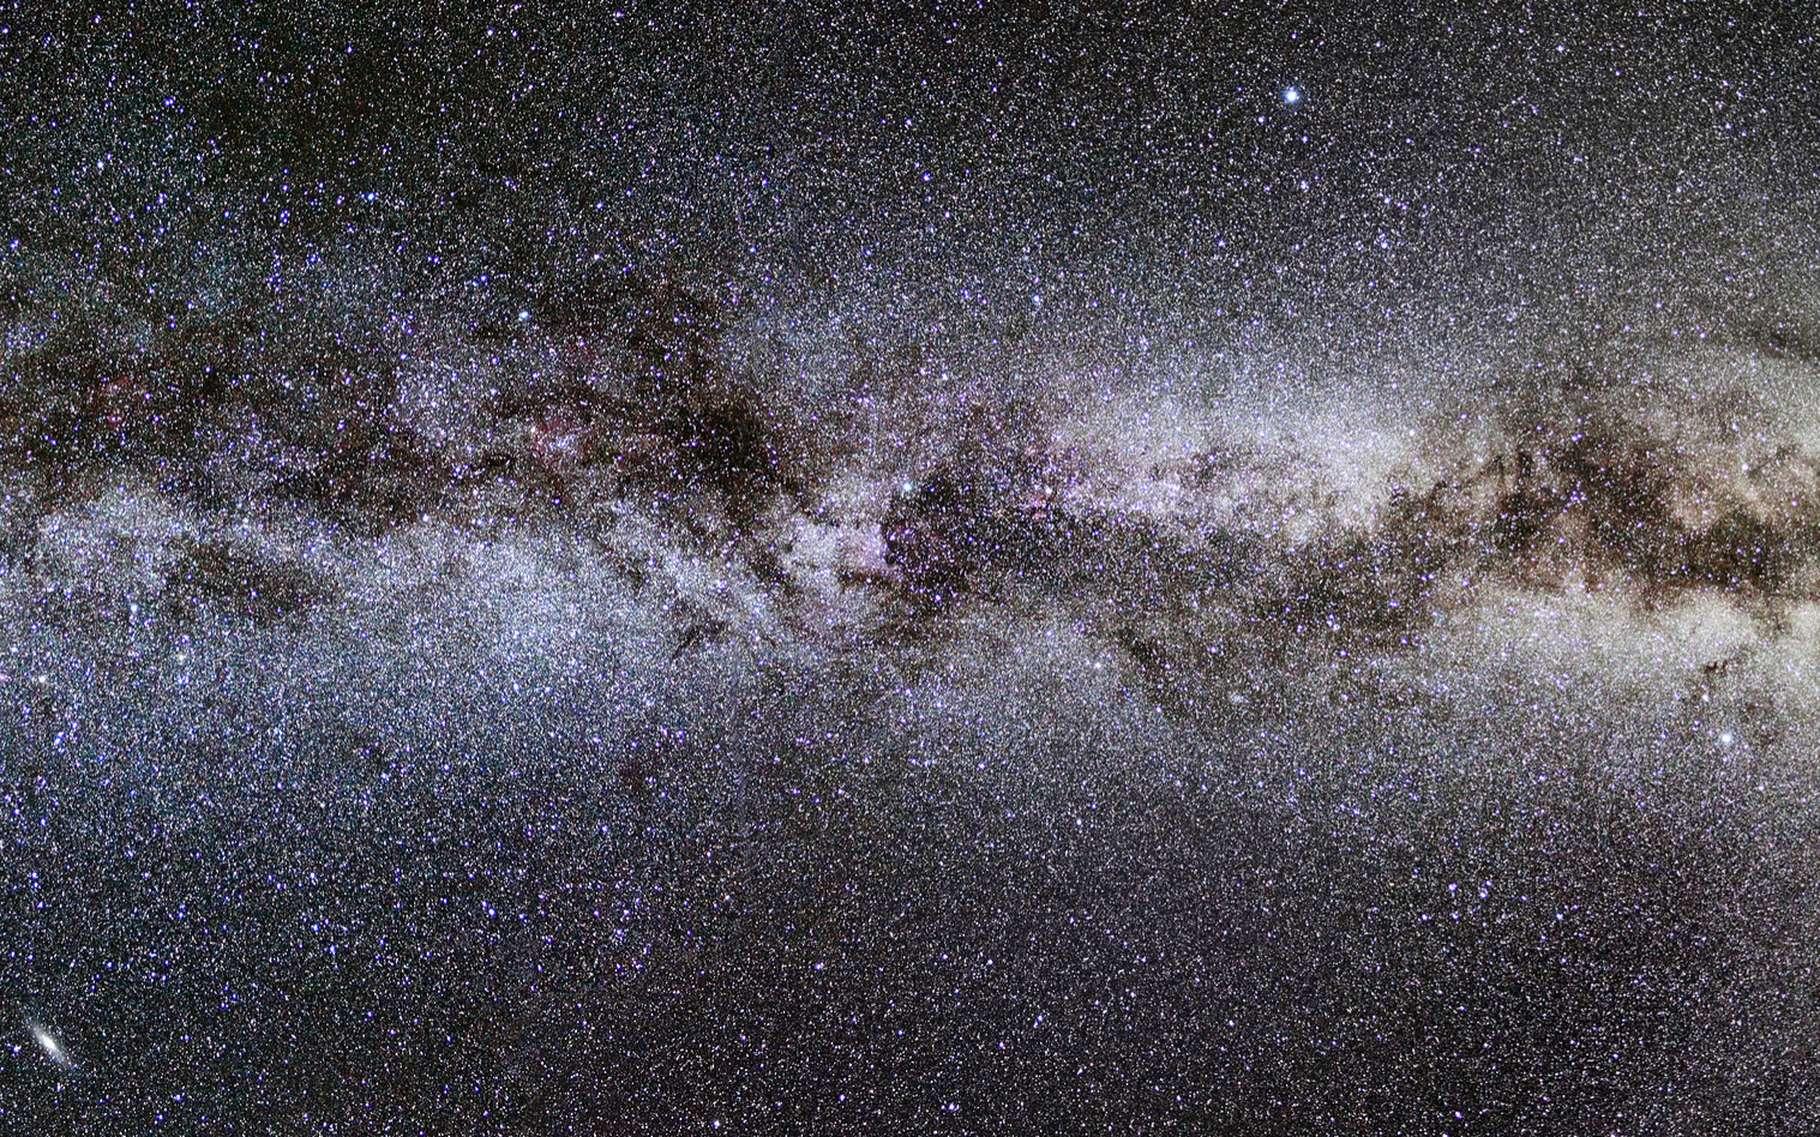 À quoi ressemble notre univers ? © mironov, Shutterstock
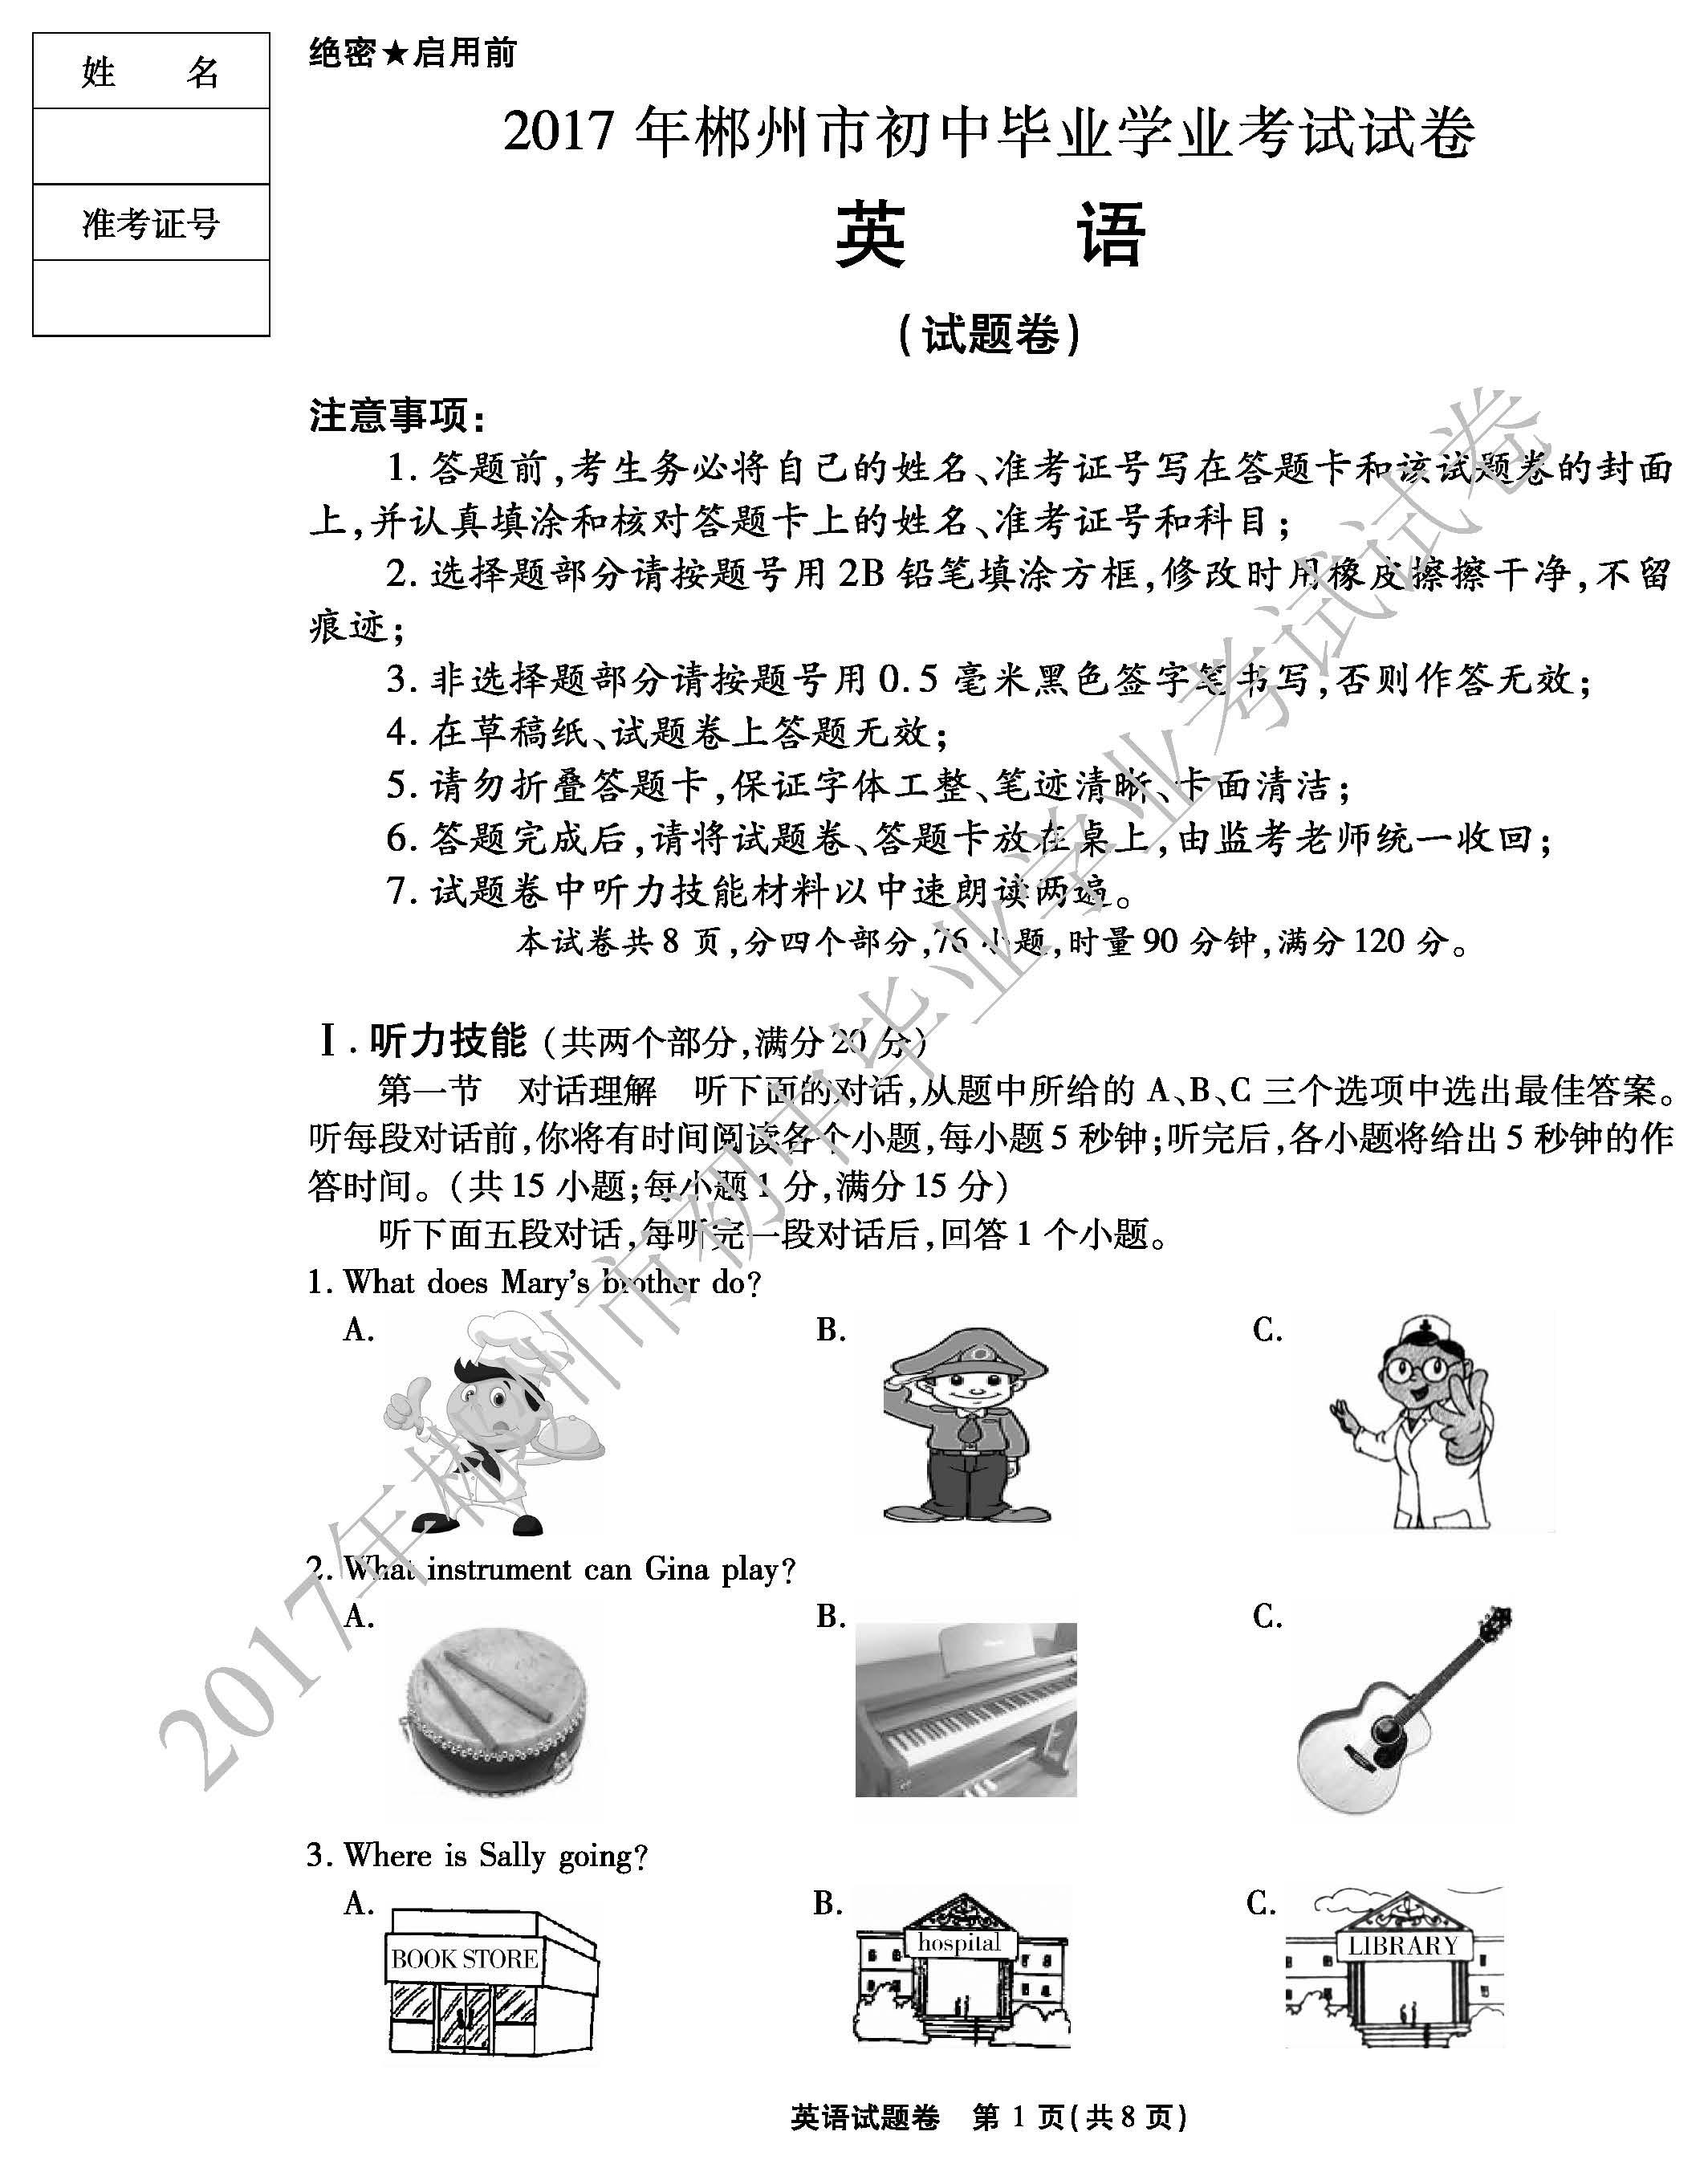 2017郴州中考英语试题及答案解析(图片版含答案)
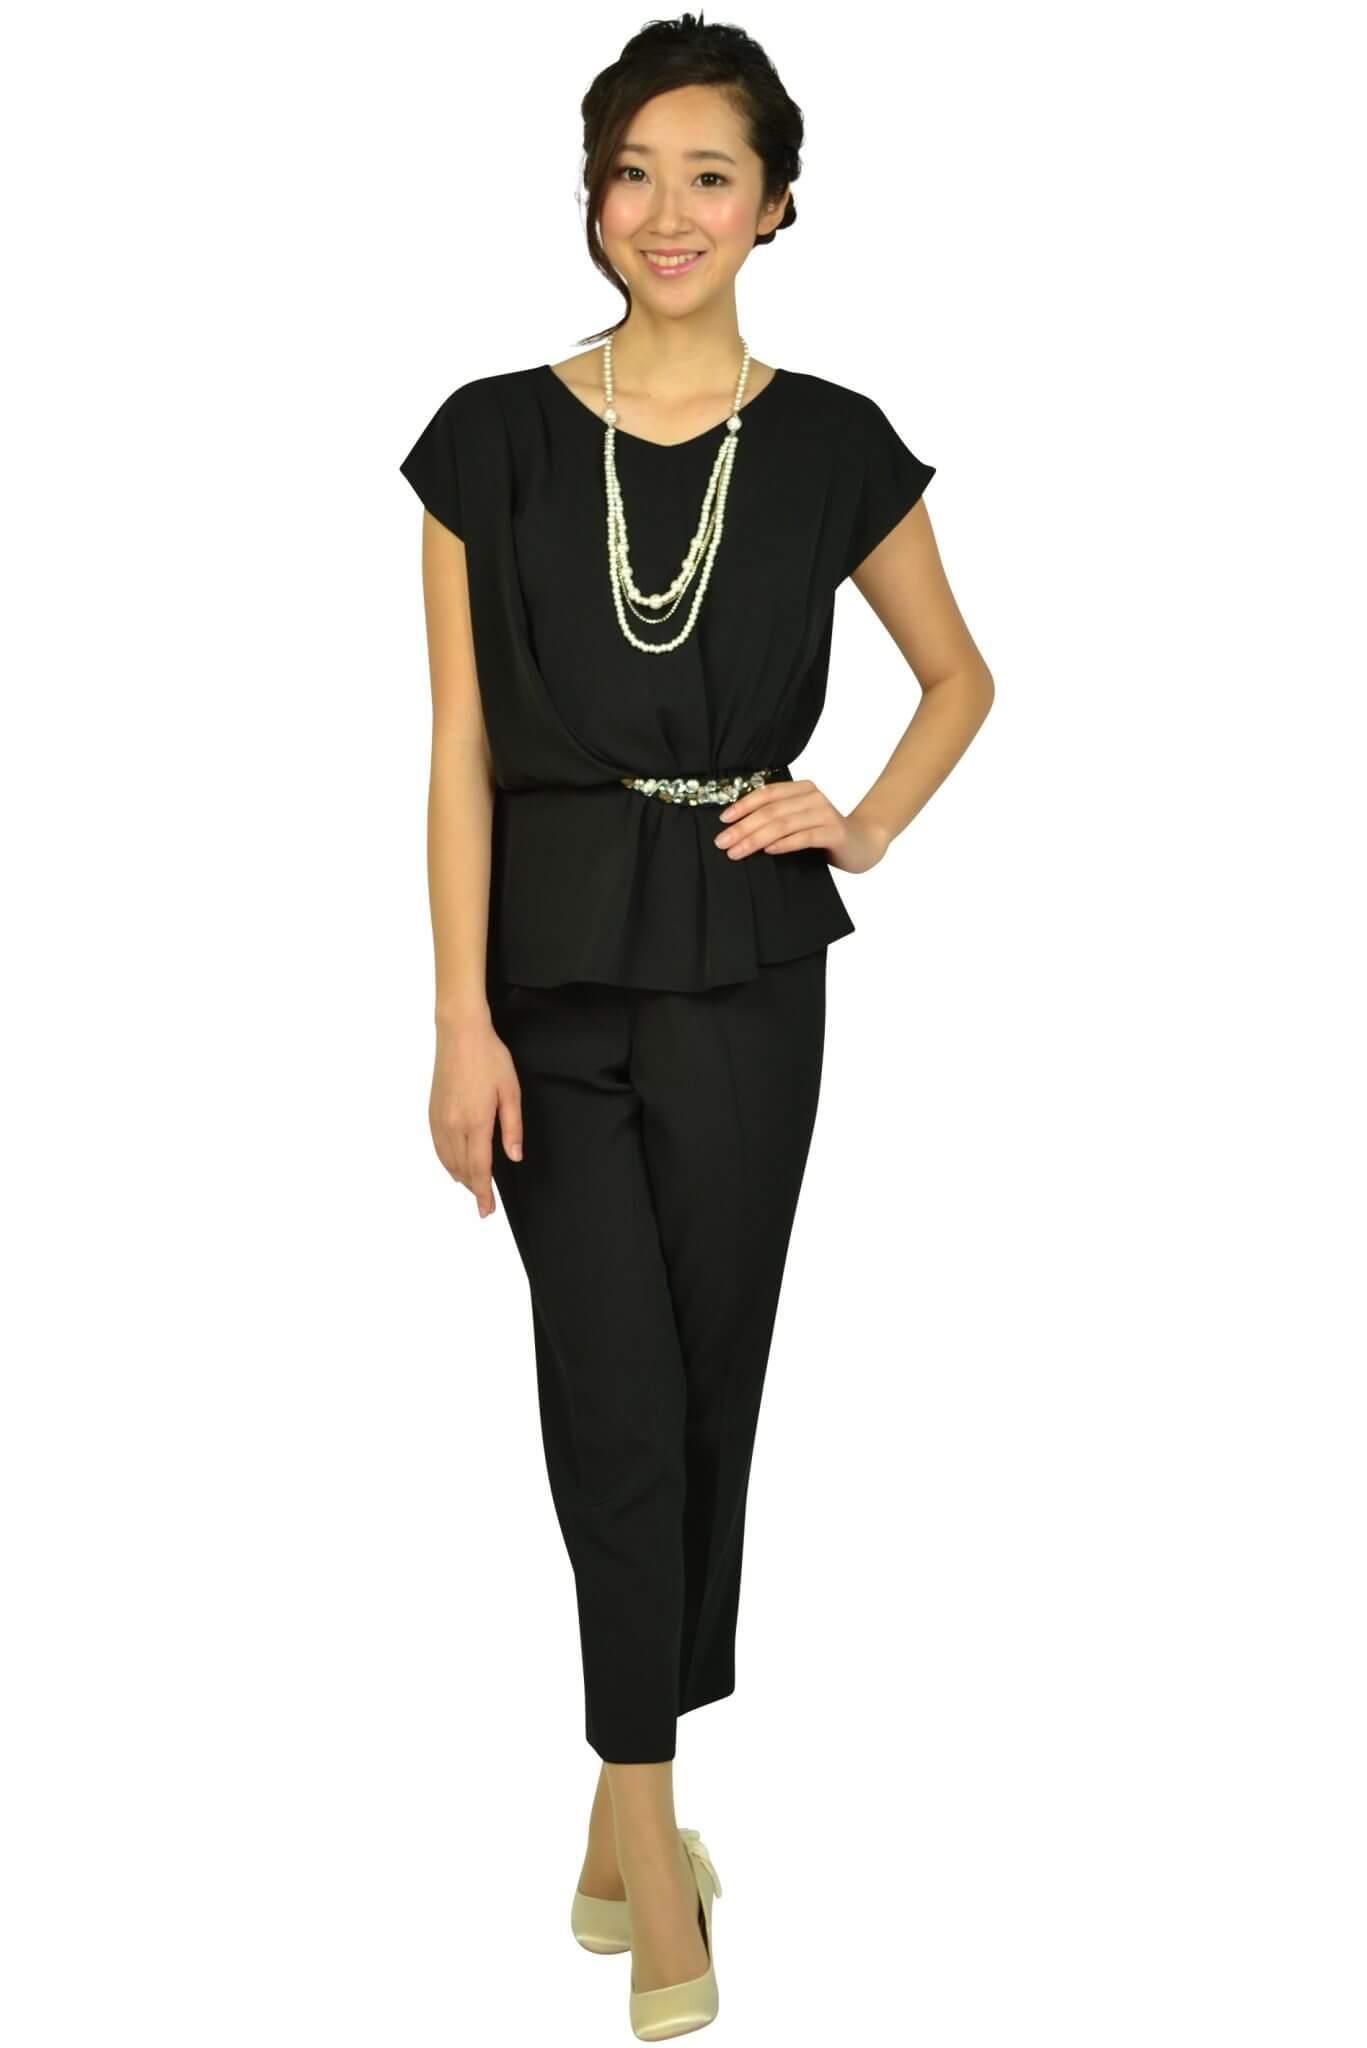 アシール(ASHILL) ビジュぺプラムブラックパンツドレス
========
→ EXERCISE DESCRIPTION
When you copy the data, keep every line exact and leave out each picture.

→ SOLUTION
 À quoi ressemble notre univers ? © mironov, Shutterstock
 2017郴州中考英语试题及答案解析(图片版含答案)
 アシール(ASHILL) ビジュぺプラムブラックパンツドレス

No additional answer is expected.